● **Task directions**
Starting at the line that contains "Sentieri di luce", repeat each line of the listing below through the last one, exactly, and leave out every picture.

● **Available data**
──────────────────────────────

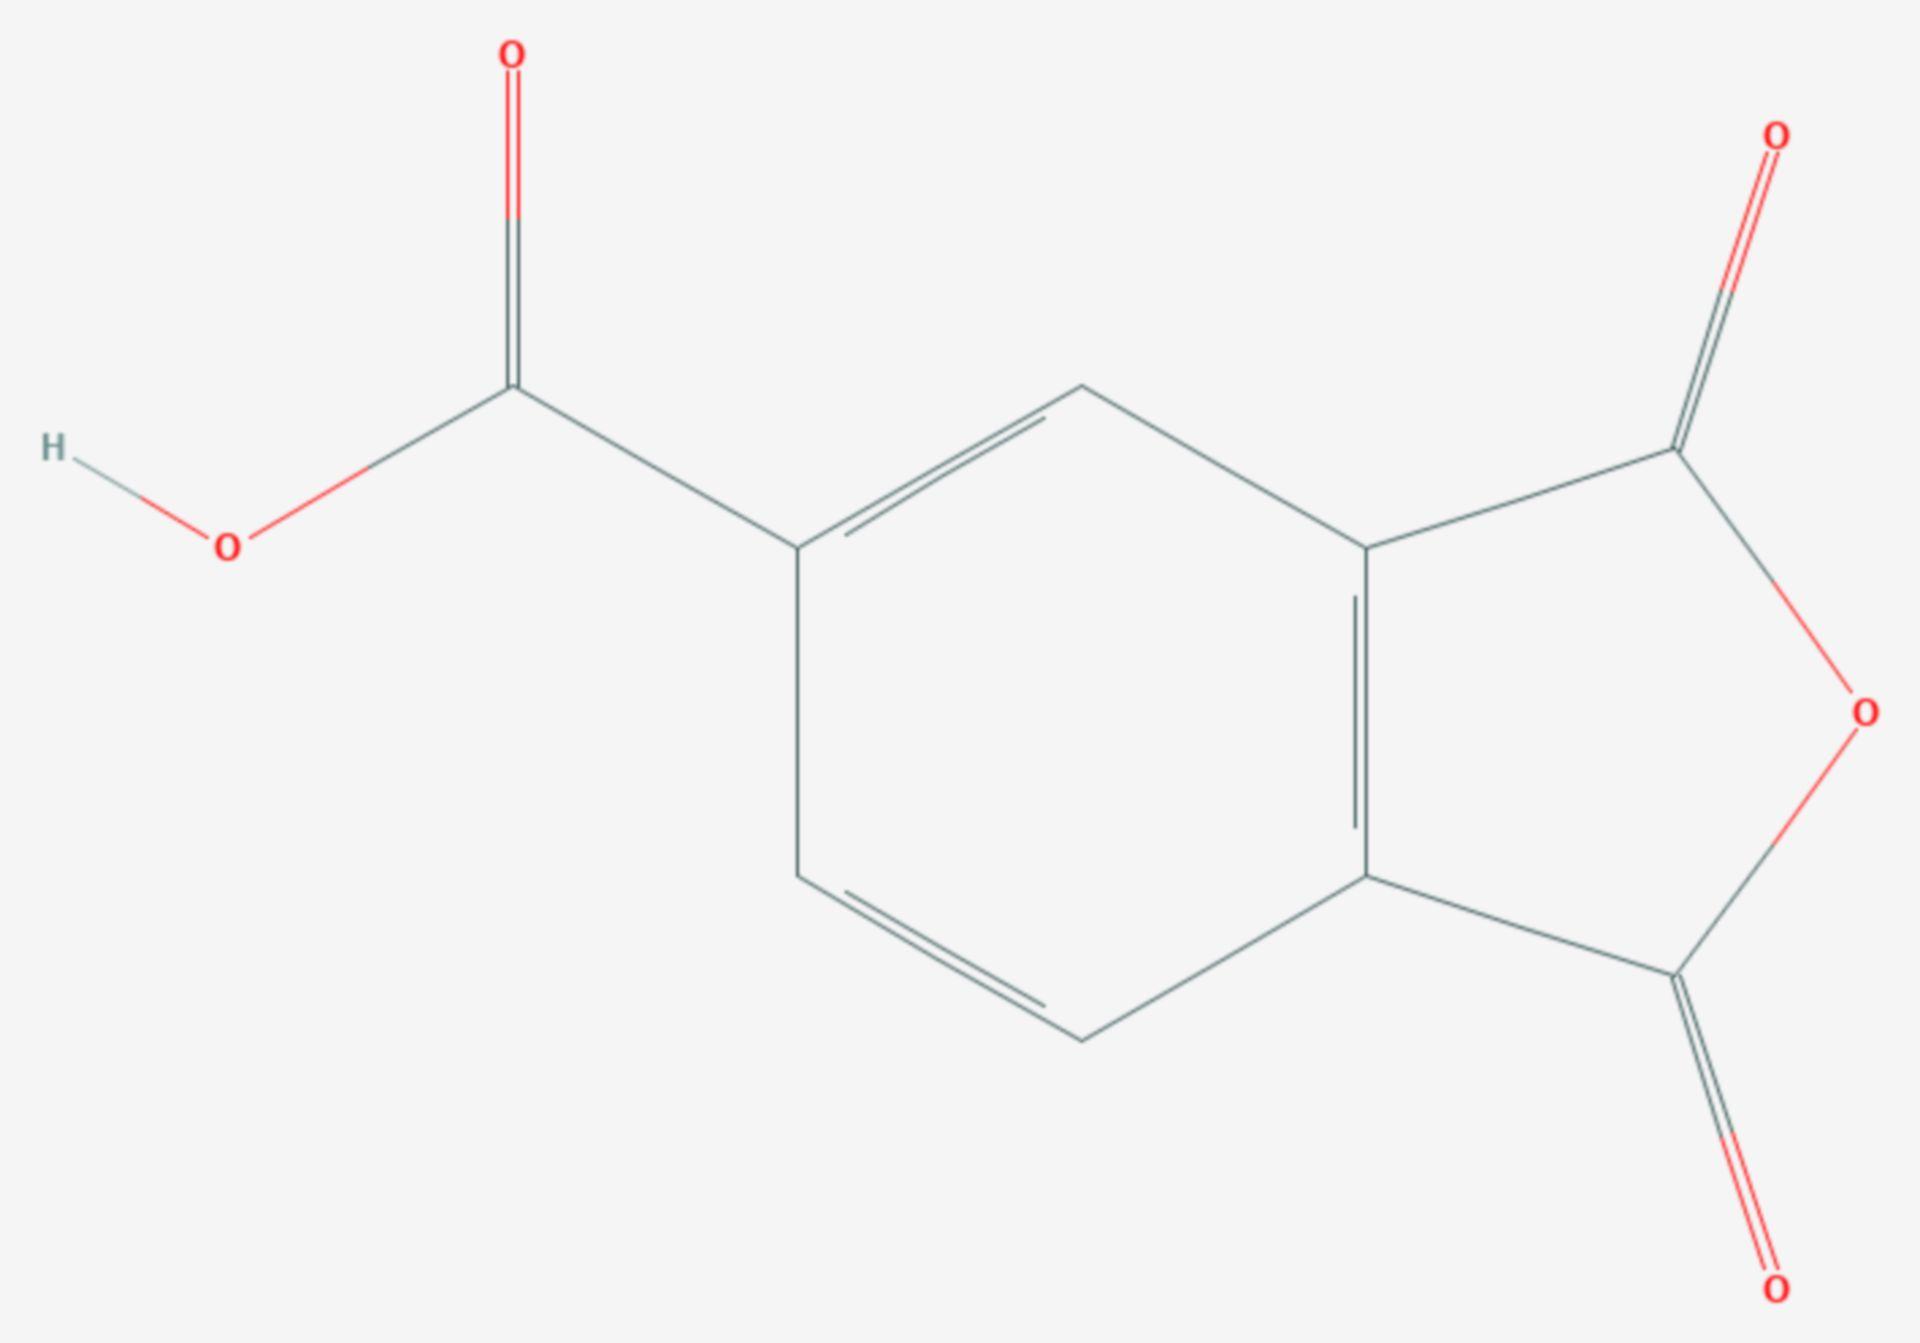 Trimellitsäureanhydrid (Strukturformel)
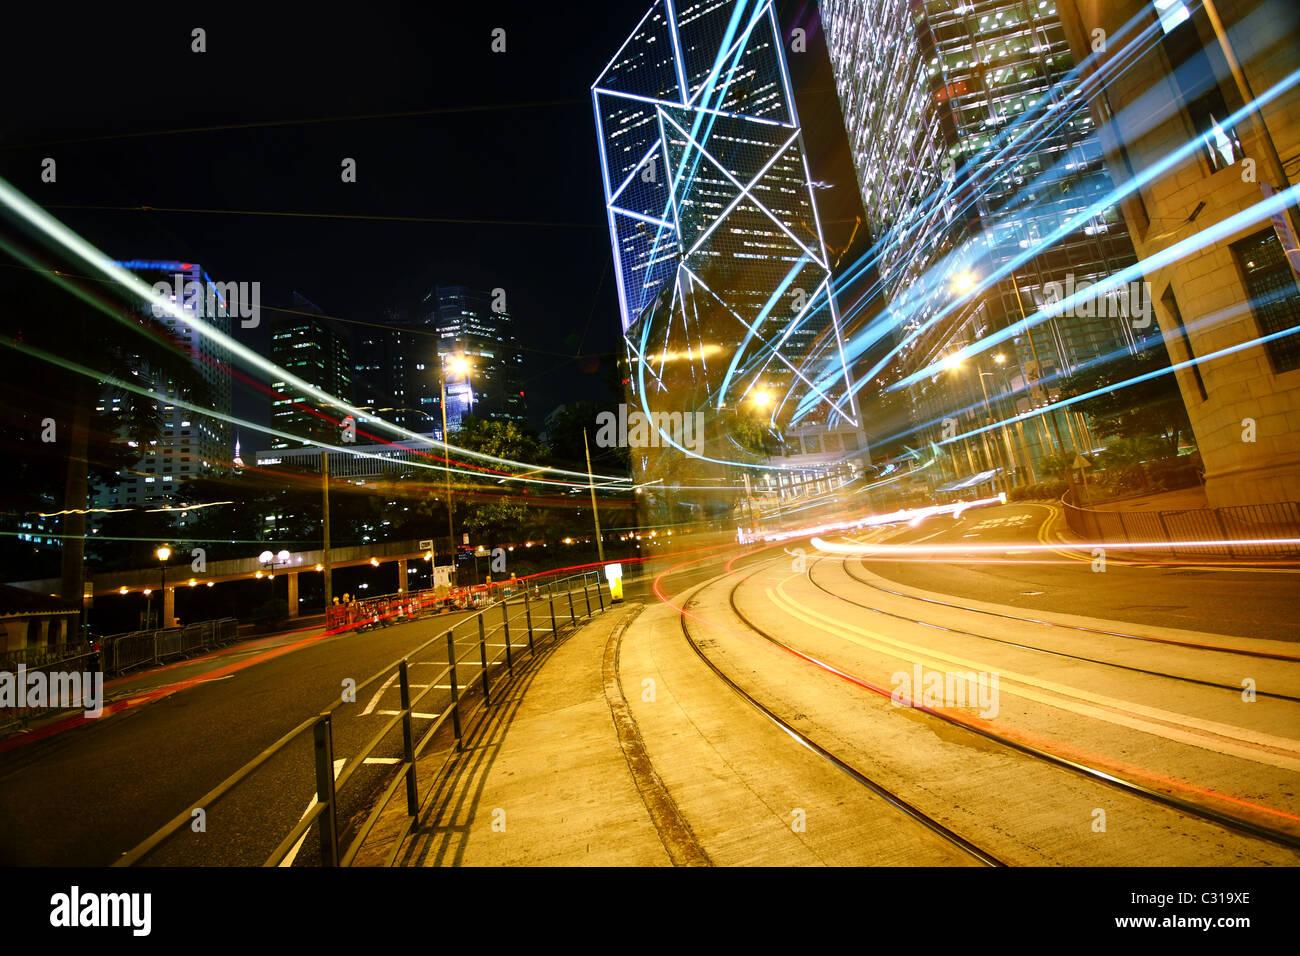 Sentieri di luce sull'edificio moderno sfondo. Immagini Stock
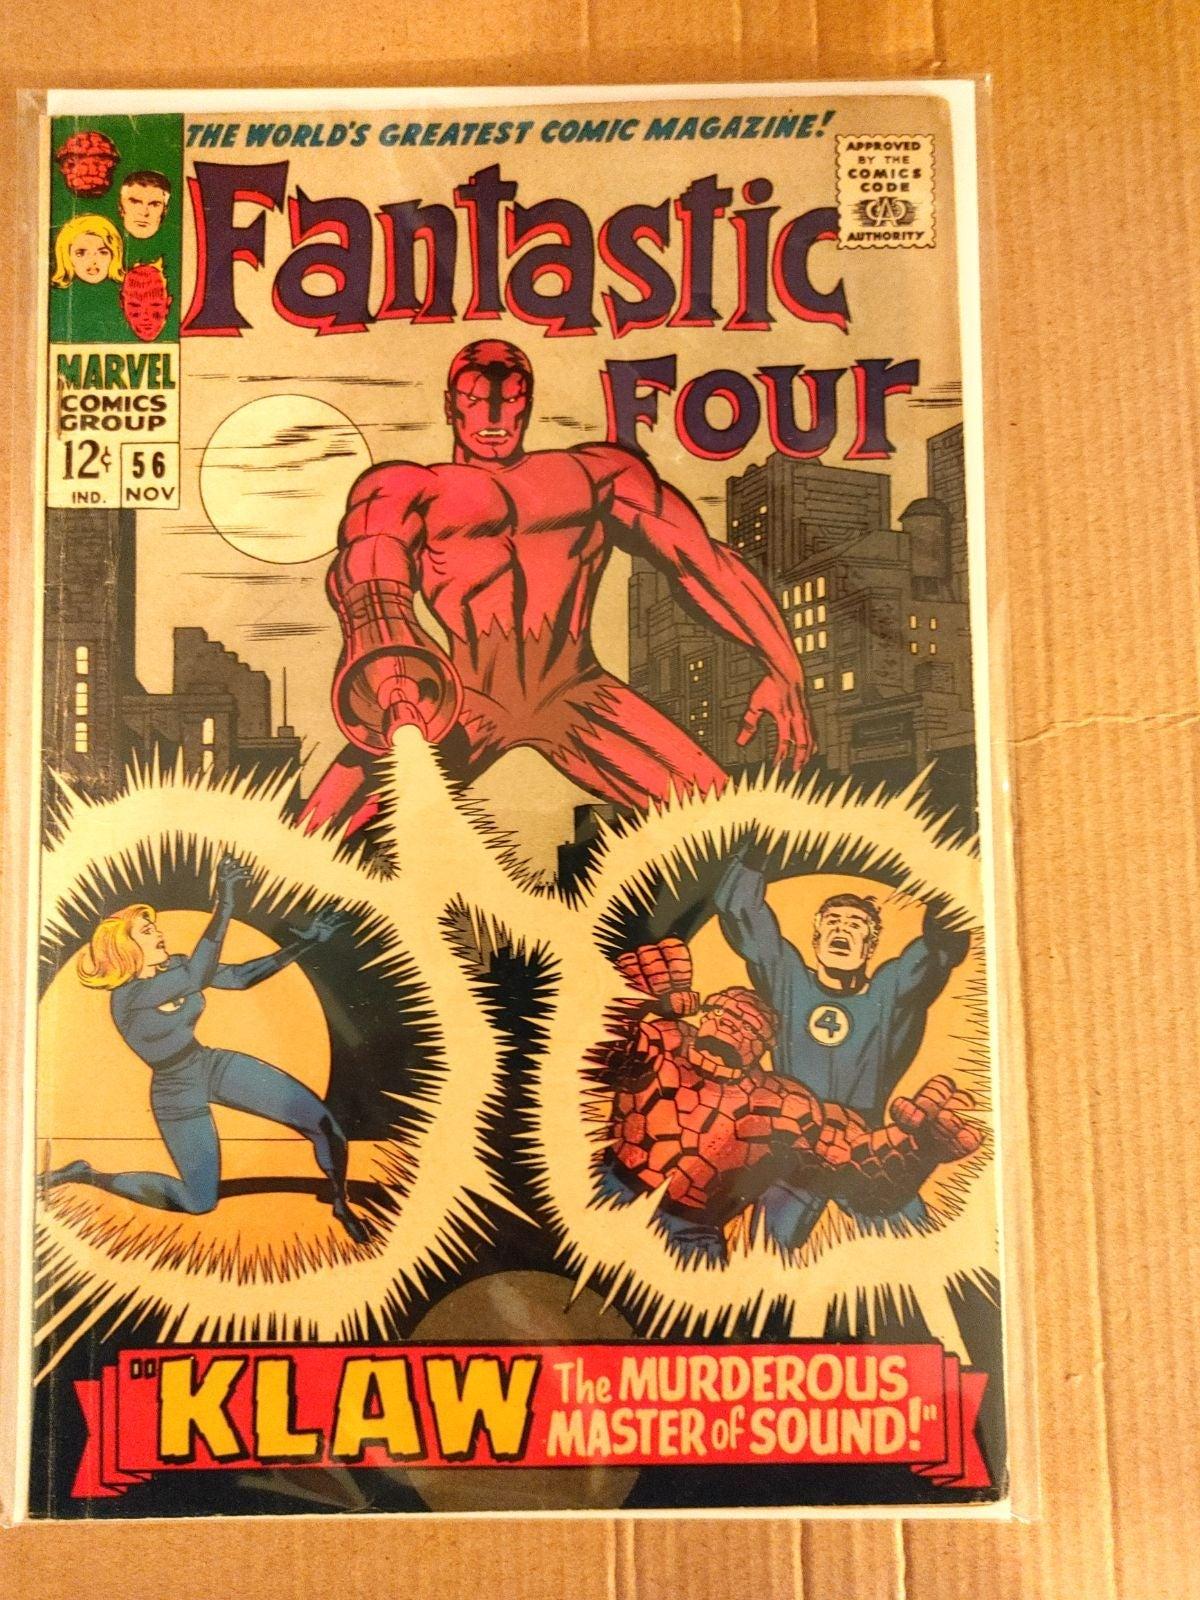 Fantastic Four #56 golden age comic

──────────────────────────────

● **Response to the exercise**
 Sentieri di luce sull'edificio moderno sfondo. Immagini Stock
 Fantastic Four #56 golden age comic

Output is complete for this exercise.